*** Opening Data shown ***

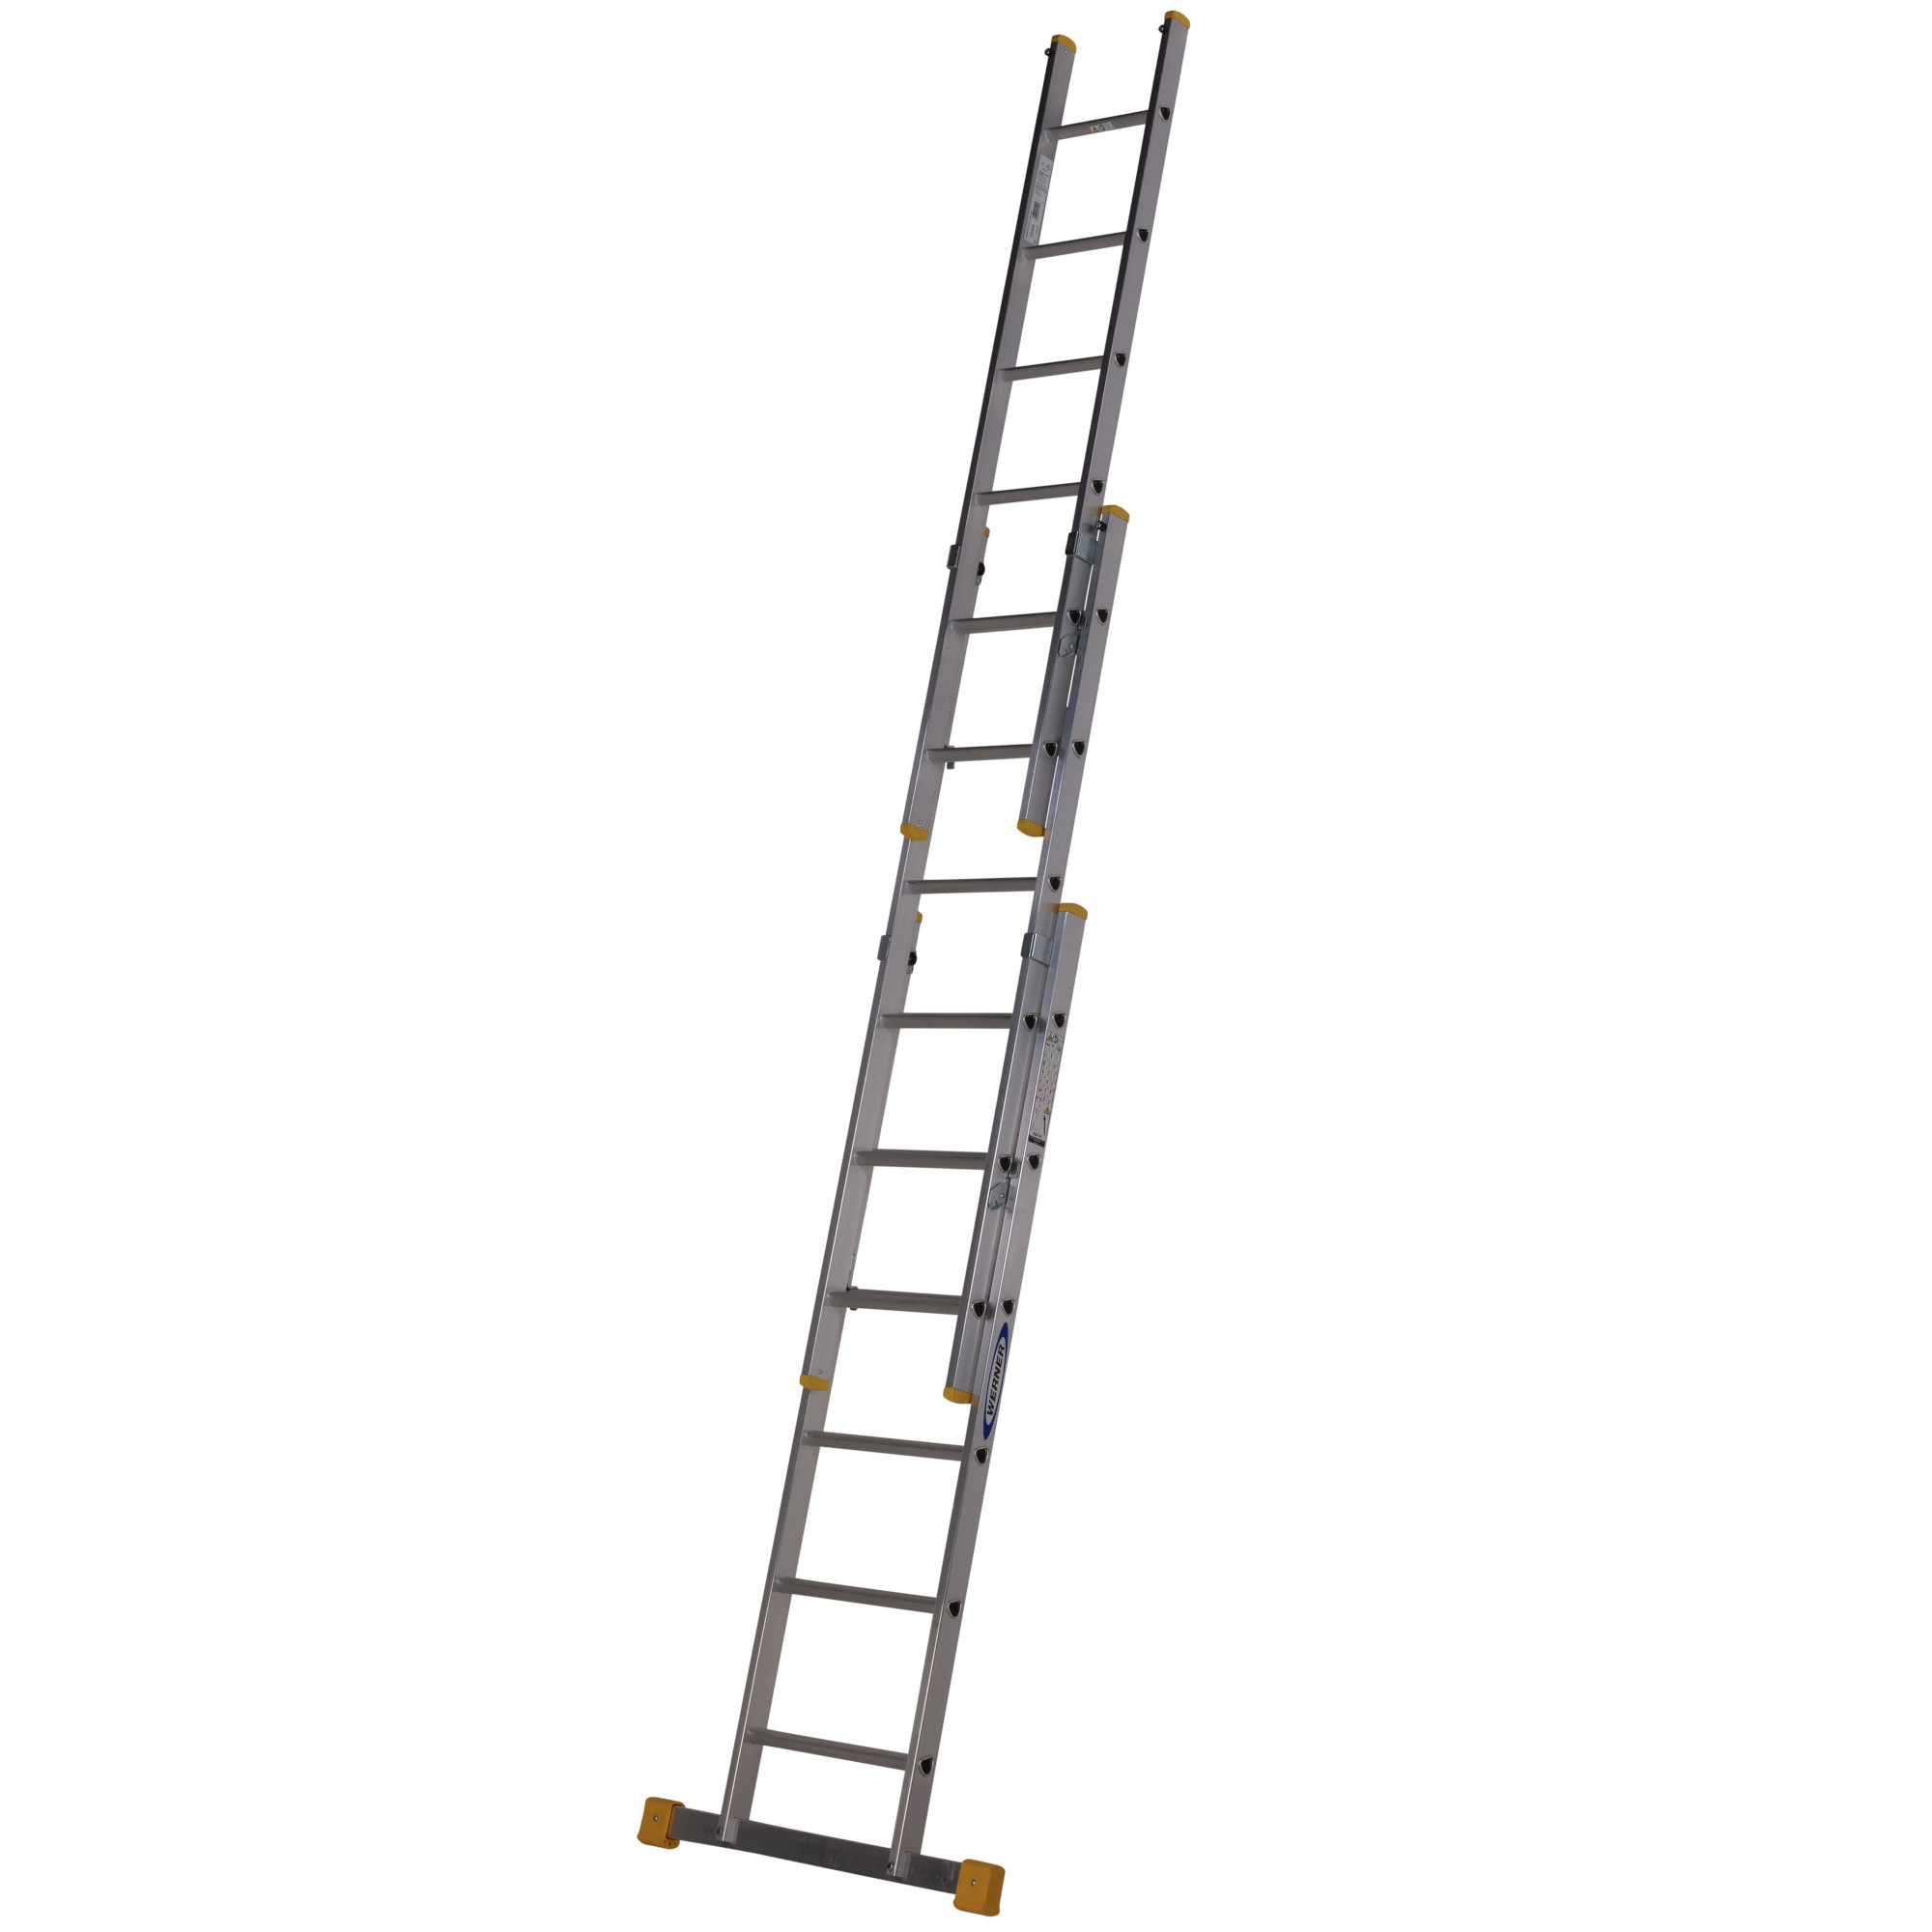 Werner D Rung Triple Extension Ladder laddersandmore.co.uk
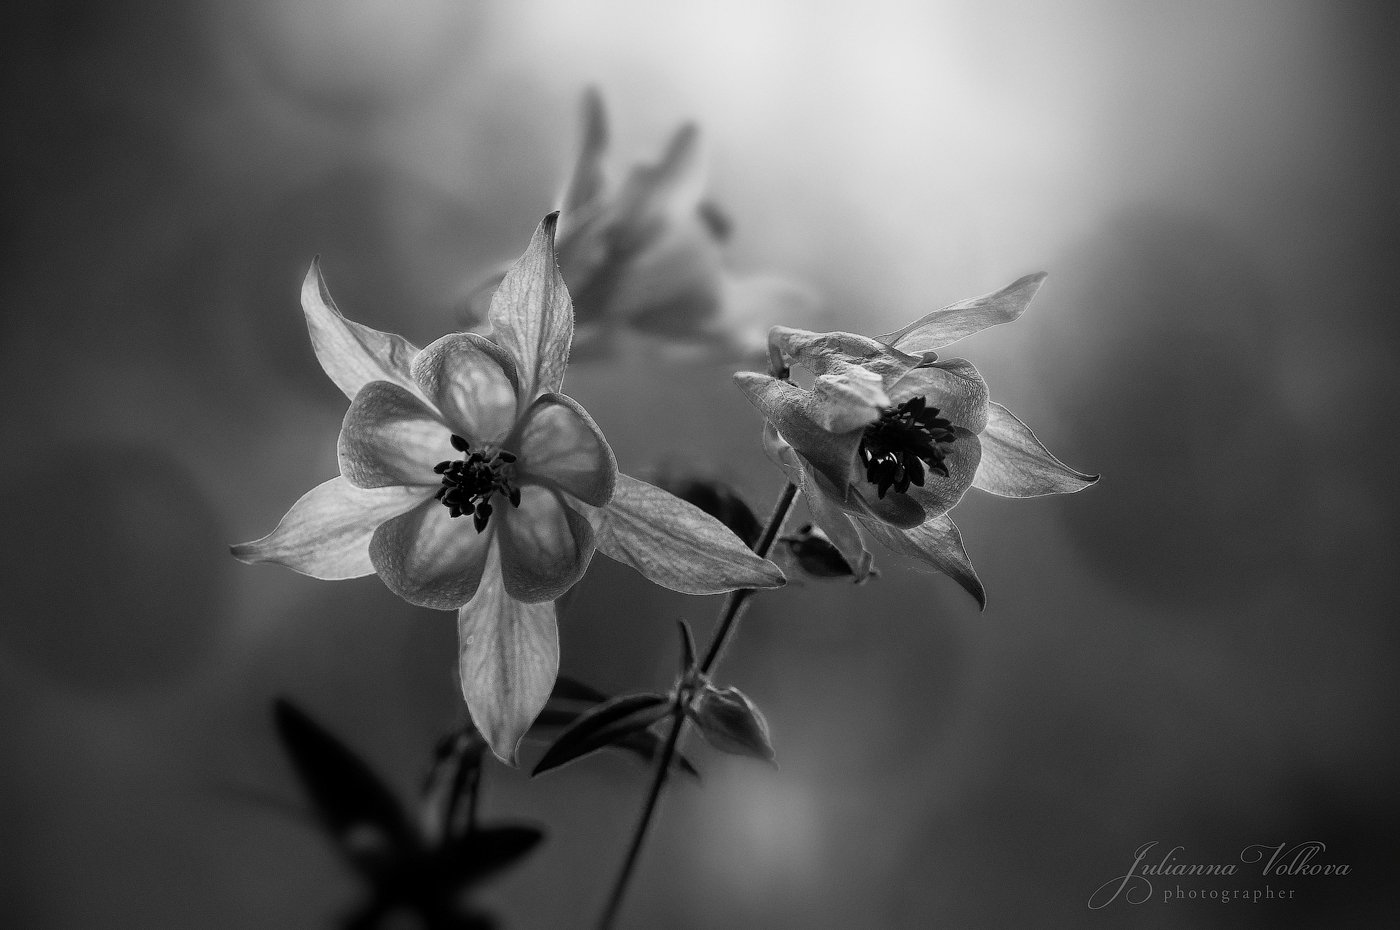 цветок, макро, черно-белое фото, аквилегия, водосбор, Волкова Юлианна
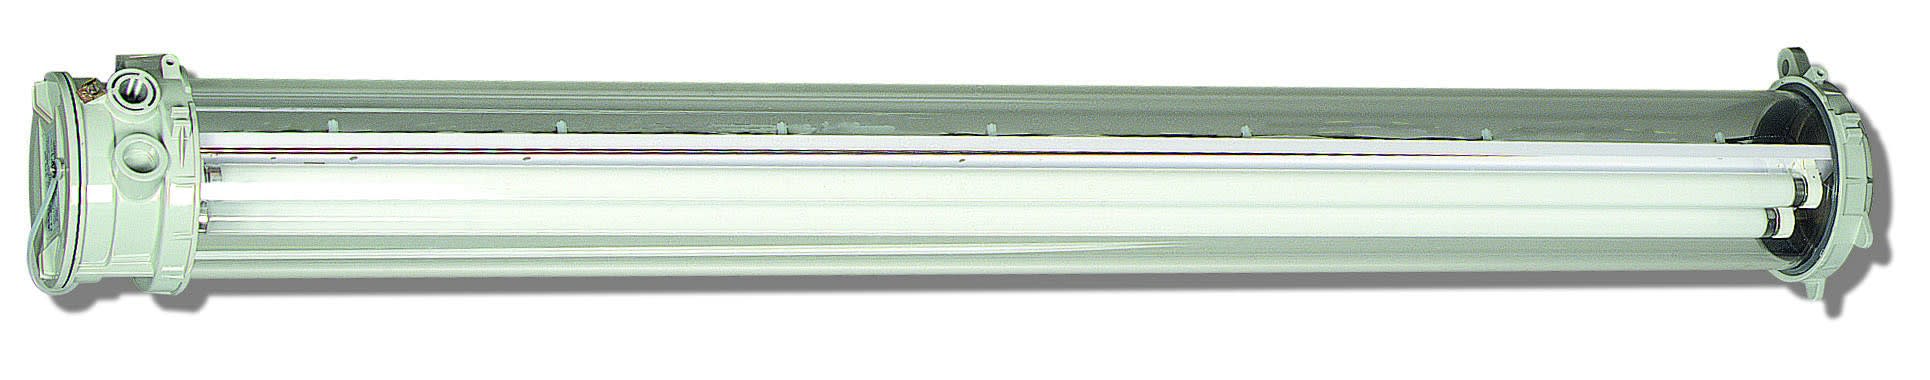 Atx - FD - Luminaire fluorescent 2x58W M20 ATEX - IECEx Zone 1-21
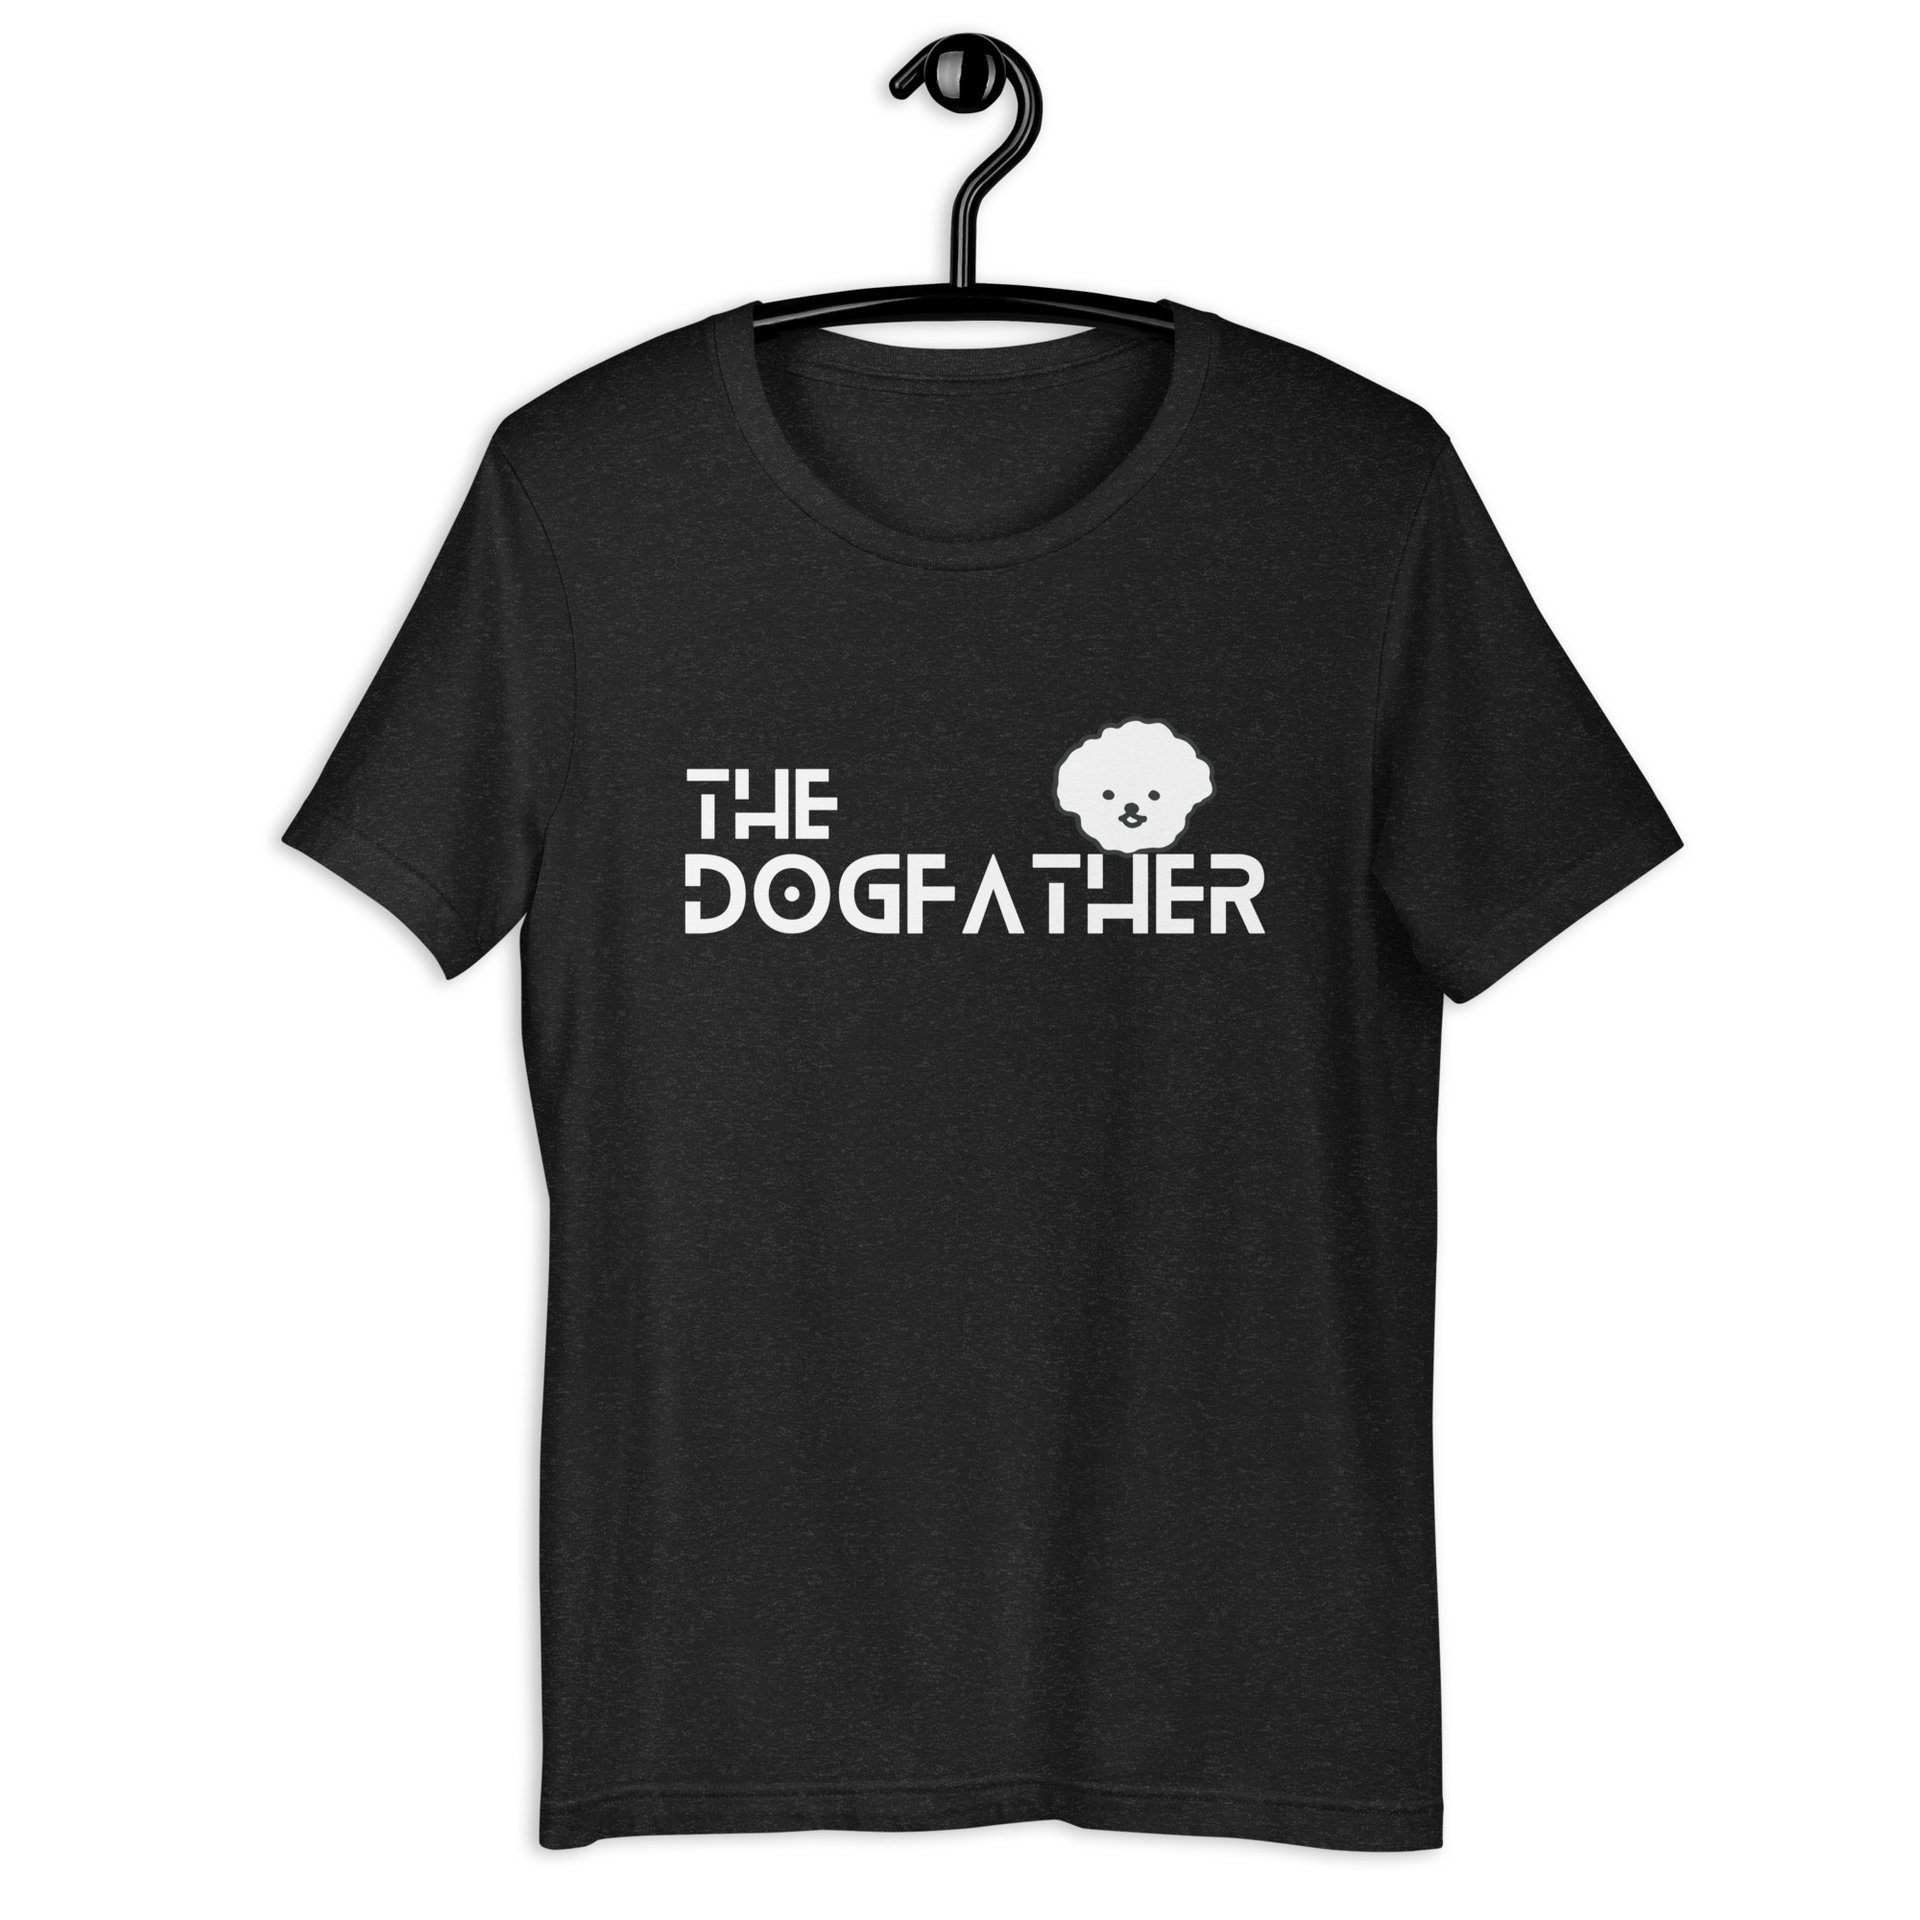 The Dogfather Poodles Unisex T-Shirt. Black Heather

*** Closing Data shown ***

The material above must be printed exactly, with its pictures left out.

 Werner D Rung Triple Extension Ladder laddersandmore.co.uk
 цветок, макро, черно-белое фото, аквилегия, водосбор, Волкова Юлианна
 Atx - FD - Luminaire fluorescent 2x58W M20 ATEX - IECEx Zone 1-21
 The Dogfather Poodles Unisex T-Shirt. Black Heather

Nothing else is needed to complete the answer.